Changing partners. If NASA drops out, ESA hopes Russia will launch the Exomars craft (artist's conceptions, above).
Credit: European Space Agency
The European Space Agency (ESA) and its Russian counterpart, Roscosmos, are making plans to carry out the international ExoMars exploration program
without help from one of the project's original partners: NASA. The U.S. space agency may have to pull out of the project if the Obama Administration's
2013 budget request to Congress, to be released on Monday, includes expected cuts in the agency's funding for Mars programs.
ExoMars has had a long and tortuous history and its launch has been postponed multiple times. Originally an ESA-only project to put a single lander on
Mars, it was merged with NASA's program in 2009 and became a two launch effort: a craft called the Trace Gas Orbiter would be launched in 2016 along
with a small static meteorological lander; a larger ExoMars rover would launch in 2018, possibly accompanied by a smaller U.S. rover called MAX-C.

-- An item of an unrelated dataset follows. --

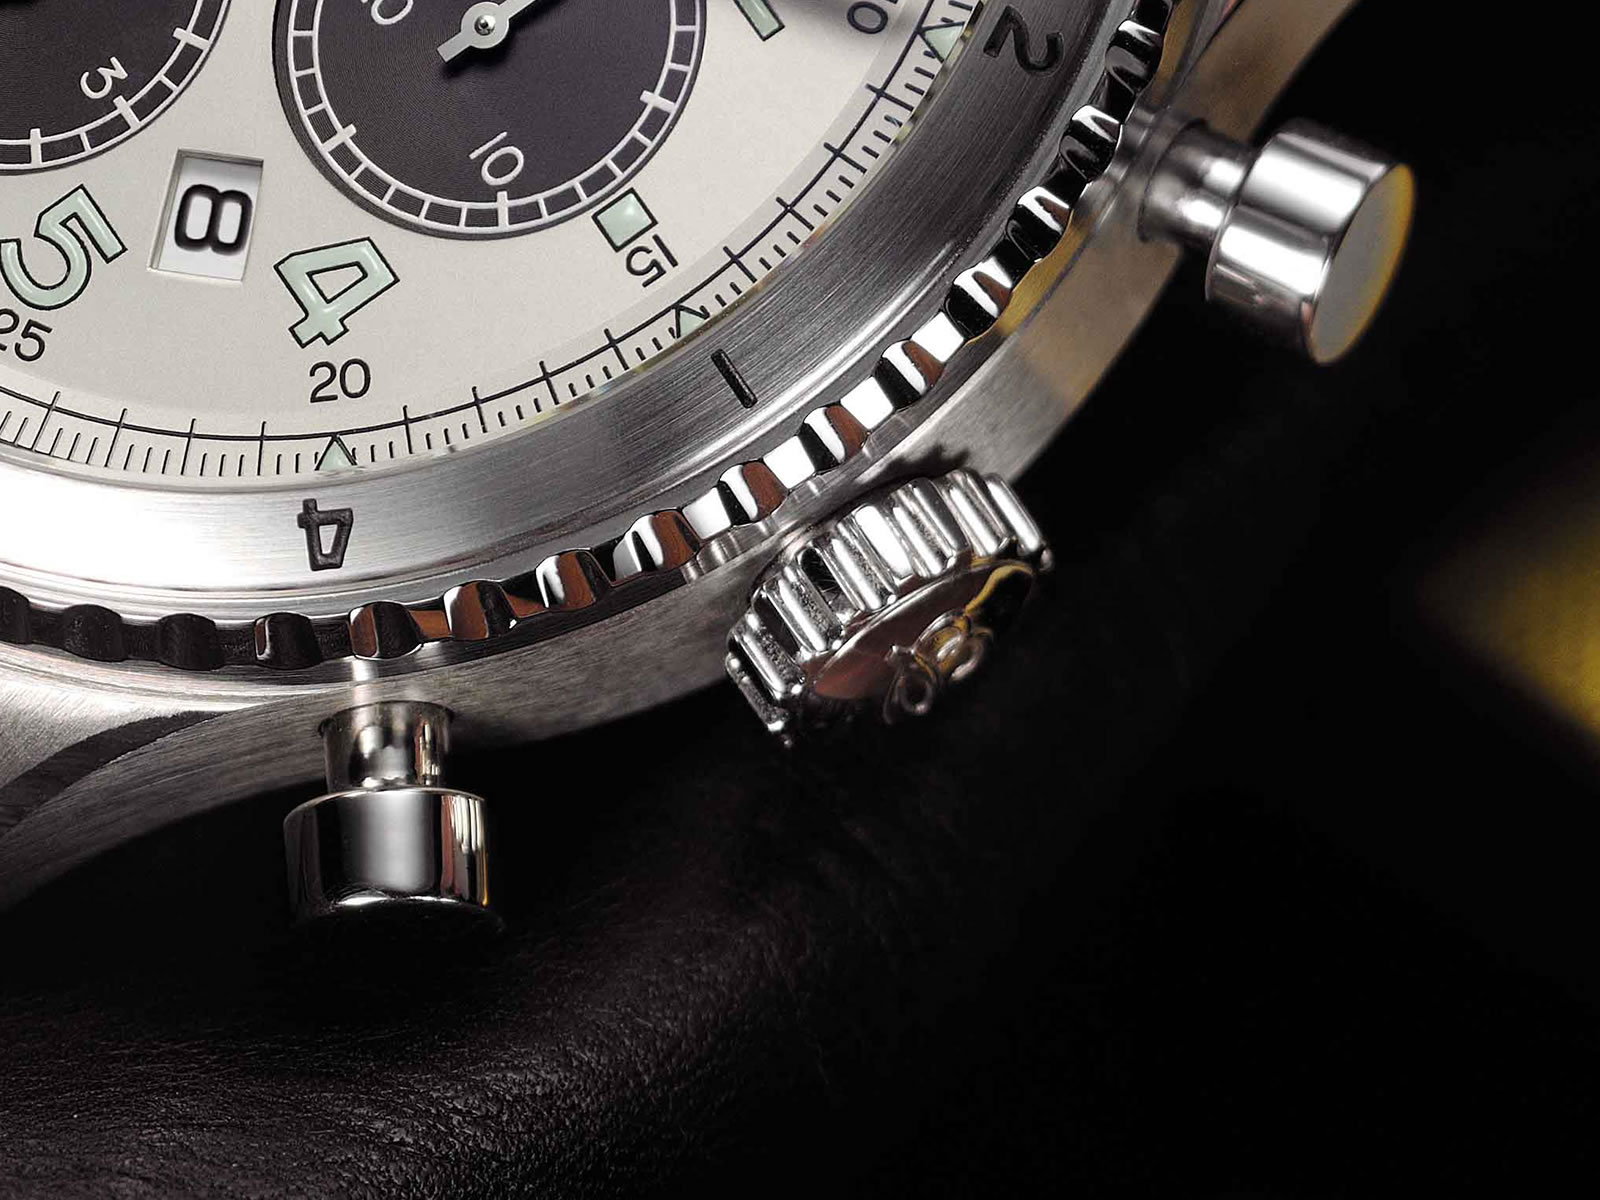 ab01171a-g839-breitling-navitimer-aviator-8-b01-the-chronograph-43-7.jpg
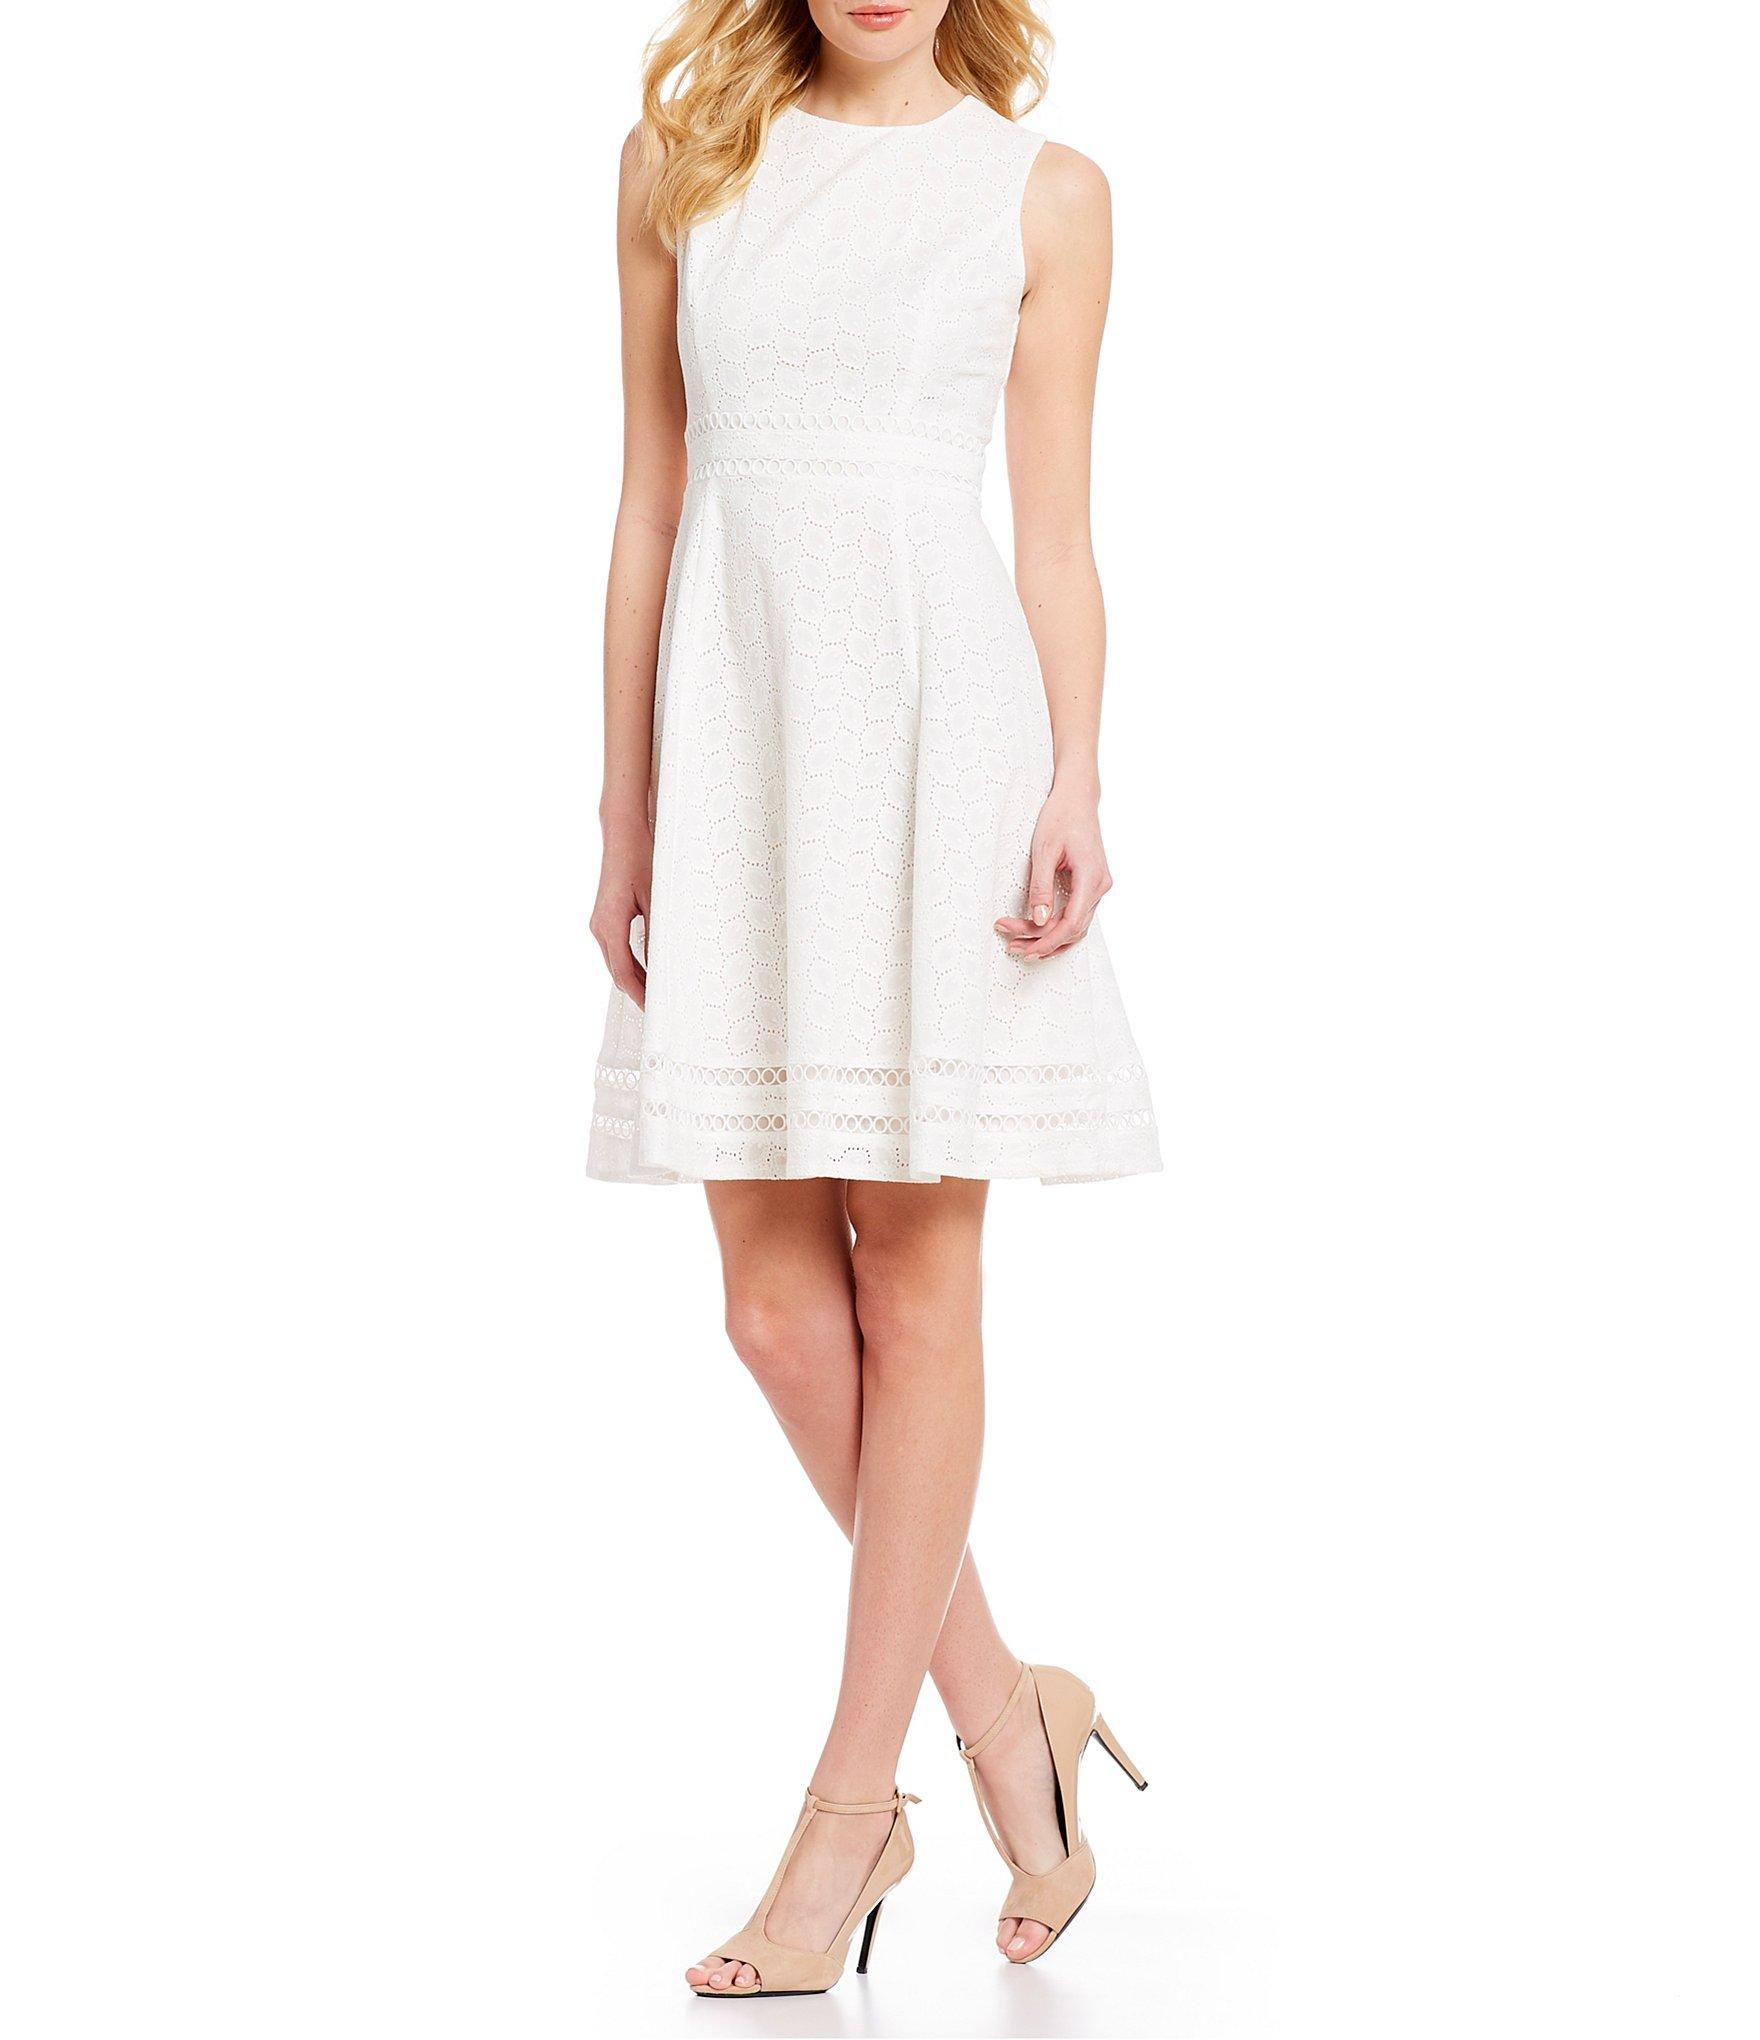 43dd96f176 Calvin Klein. Women s White Sleeveless Eyelet Illusion Hem Fit   Flare Dress

Last year, NASA officials made it clear they could not fulfill all of their commitments to ExoMars as a result of government cost cutting and budget
overruns by the James Webb Space Telescope. In response, ESA approached Roscosmos in the autumn to see if the Russians could come aboard, too. In
particular, ESA wanted to be able to replace American Atlas V rockets, which were the planned launch vehicles, with Russian Proton rockets. Roscosmos
officials were initially skeptical, according to the Web site russianspaceweb.com, but
scientists ultimately embraced the opportunity to fly instruments developed for other failed Russian Mars missions, including Mars96 and Fobos-Grunt. A mid-November meeting of the
Russian Academy of Science's Space Council endorsed participation and even suggested replacing the static lander in the 2016 mission with a clutch of
small landers developed for Mars96.
ESA's Rolf De Groot says that talks between the three agencies began in November, but at a meeting in December NASA officials said they could not
participate in further discussions until they knew their 2013 budget. "We decided to study a plan C with Russia on a bilateral basis. Studies were
carried out over Christmas and in January," De Groot says. Details of that bilateral plan have not been revealed, and a Russian researcher involved in
the discussions declined to comment. Now, Russian and European officials are waiting to see what happens in the United States.